Reporting obligations to MROS
One sensitive issue is the reporting obligation: the documentation states that a report must be made to the Money Laundering Reporting Office (MROS) in cases of reasonable suspicion (money laundering, terrorist financing, criminal offences, serious tax offences, etc.), including where negotiations to provide advisory services have been terminated due to such suspicions.
It also specifies the possible levels of fines in the event of a breach of the reporting obligation (amounts indicated for intentional and negligent breaches).
Timetable and transitional provisions: why act early
Expected to come into force in 2026
The webinar documentation states that the revised Anti-Money Laundering Act (AMLA) and the revised implementing ordinance are expected to come into force in the second half of 2026 (with the timetable depending on the adoption of the final versions).
A swift response for membership and organisation
The transitional provisions referred to state that applications for membership of a self-regulatory organisation must be submitted within a specified period following the entry into force of the legislation, and that discussions regarding the extension of certain deadlines were still ongoing at the time of the training session.
In practice, this means that organisations that may be affected would be well advised to map out their activities and plan for the implementation of procedures, rather than waiting until the last minute.
How the transparency register fits into the requirements of the Anti-Money Laundering Act
A reference tool for due diligence
The guidance states that, for registered advisers/intermediaries, it is possible to access the register’s data via EasyGov or an API in accordance with the legal basis referred to.
This reinforces the need for consistency: the more structured the data transparency, the more due diligence obligations require the relevant information to be properly verified and documented during high-risk transactions.

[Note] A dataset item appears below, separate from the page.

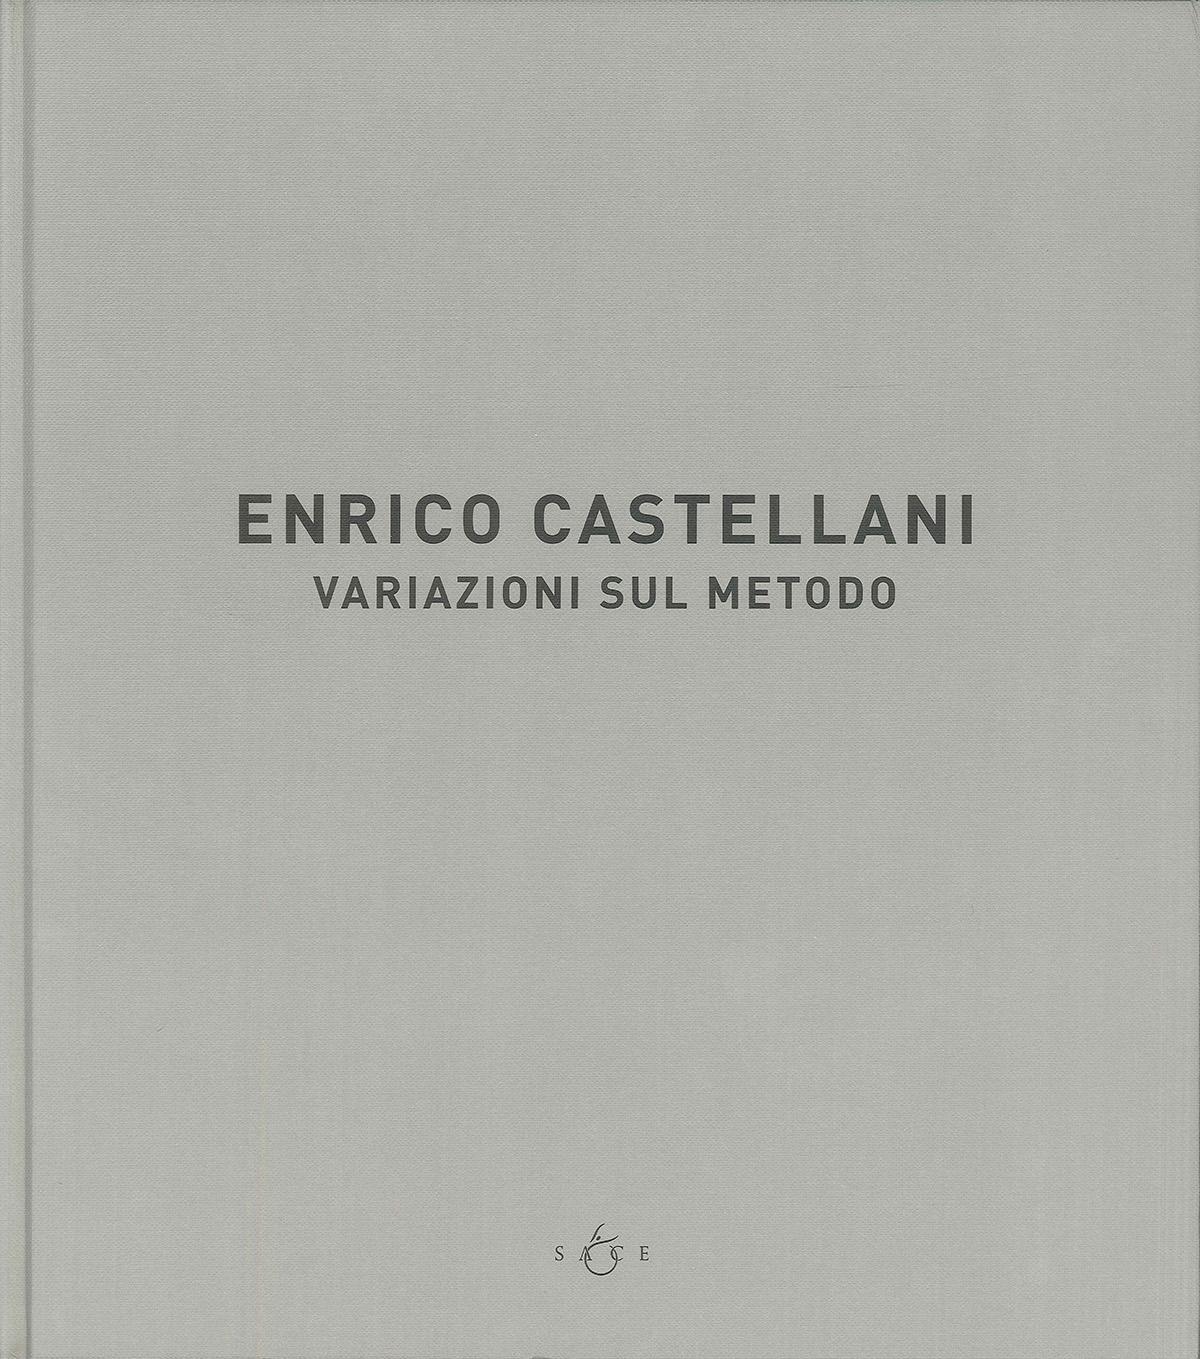 Cover - Enrico Castellani. Variazioni sul metodo, Bruno Corà, 2005/2006, Museo Pushkin delle Belle Arti, Mosca (RUS)

A ‘system’ approach: data, processes, controls
By combining the register (data) and the LBA (process), the legislator aims to create a more robust system: faster identification, improved traceability, and greater accountability for those involved in certain legal and economic transactions.
How RSM Switzerland can support the organisations concerned
Compliance is not simply a matter of “adding a procedure”. It often requires a structured approach that is proportionate to the risk and consistent with the activities carried out.
Mapping of activities and tax liability analysis
RSM Switzerland can assist in analysing the services actually provided (real estate, structures, non-operational entities, domiciliation, transactions) and, on that basis, assess the risk of tax liability, considering the criteria set out in the documentation (link to the transaction, commercial nature, exceptions).
Implementation of due diligence and documentation processes
Depending on the nature of the business, support may focus on structuring the due diligenceprocess: customer identification, identification of the beneficial owner, documentation, record-keeping, and appropriate internal procedures.
Awareness-raising, training and operational readiness
Finally, preparation also involves training, raising awareness among staff and aligning practices, in line with the organisational requirements outlined in the training (risk analysis, internal measures, ongoing training).
Conclusion
The transparency registers and the revised Anti-Money Laundering Act form a coherent whole: greater transparency regarding beneficial owners is accompanied by stricter due diligence requirements for certain advisory and support services. For audit and advisory firms, the challenge is twofold: to identify the situations in which the regulations apply and to put robust processes in place before the expected entry into force in 2026, to safeguard operations, limit risks and meet heightened compliance expectations.